1. Die Kommission der Europäischen Gemeinschaften ersucht Sie um die Feststellung, daß die Bundesrepublik Deutschland gegen ihre Verpflichtungen aus den Artikeln 9 und 12 EWG-Vertrag verstoßen hat. Diese gestattet nämlich einigen Bundesländern, eine Gebühr für die Kontrollen zu erheben, die bei Transporten von lebenden Tieren durchgeführt werden, die nach Deutschland eingeführt werden oder sich auf der Durchfuhr nach anderen Mitgliedstaaten befinden.

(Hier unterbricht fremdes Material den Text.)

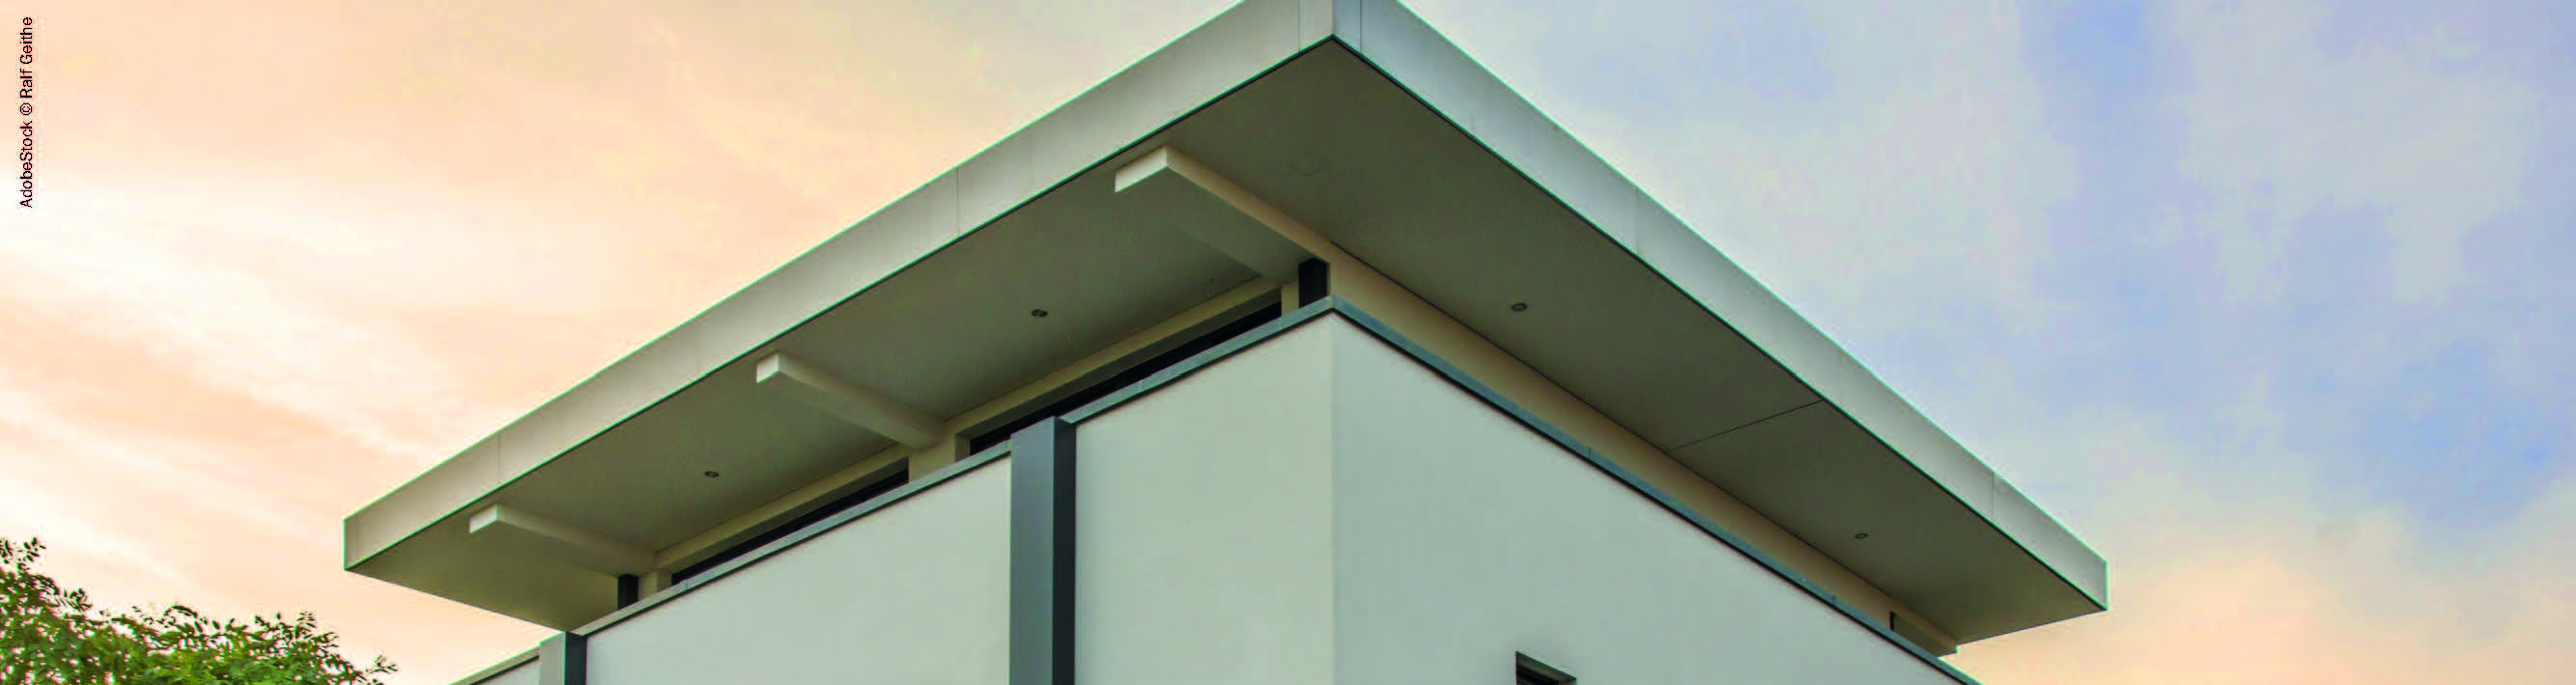 Einblasdämmsystem für Fassade und Dach - Ecofibre Dämmstoffe

Wie sich aus den Akten ergibt, erheben die Bundesländer Bremen, Hessen, Niedersachsen, Nordrhein-Westfalen und Rheinland-Pfalz bei den Transportunternehmen eine Abgabe zur Deckung der Kosten der Kontrollen, die beim Transport lebender Tiere vorgenommen werden, die sich auf der Durchfuhr durch diese Bundesländer befinden oder dorthin eingeführt werden. Am 19. Februar 1985 rügte die Kommission, gestützt auf Artikel 169 EWG-Vertrag, diese Praxis gegenüber der Regierung der Bundesrepublik Deutschland als unvereinbar mit den genannten gemeinschaftsrechtlichen Bestimmungen und forderte sie auf, sie abzustellen. Da sich die Bundesrepublik Deutschland strikt weigerte, die hierzu erforderlichen Maßnahmen zu ergreifen, hat die Kommission am 26. Januar 1987 Klage vor dem Gerichtshof erhoben.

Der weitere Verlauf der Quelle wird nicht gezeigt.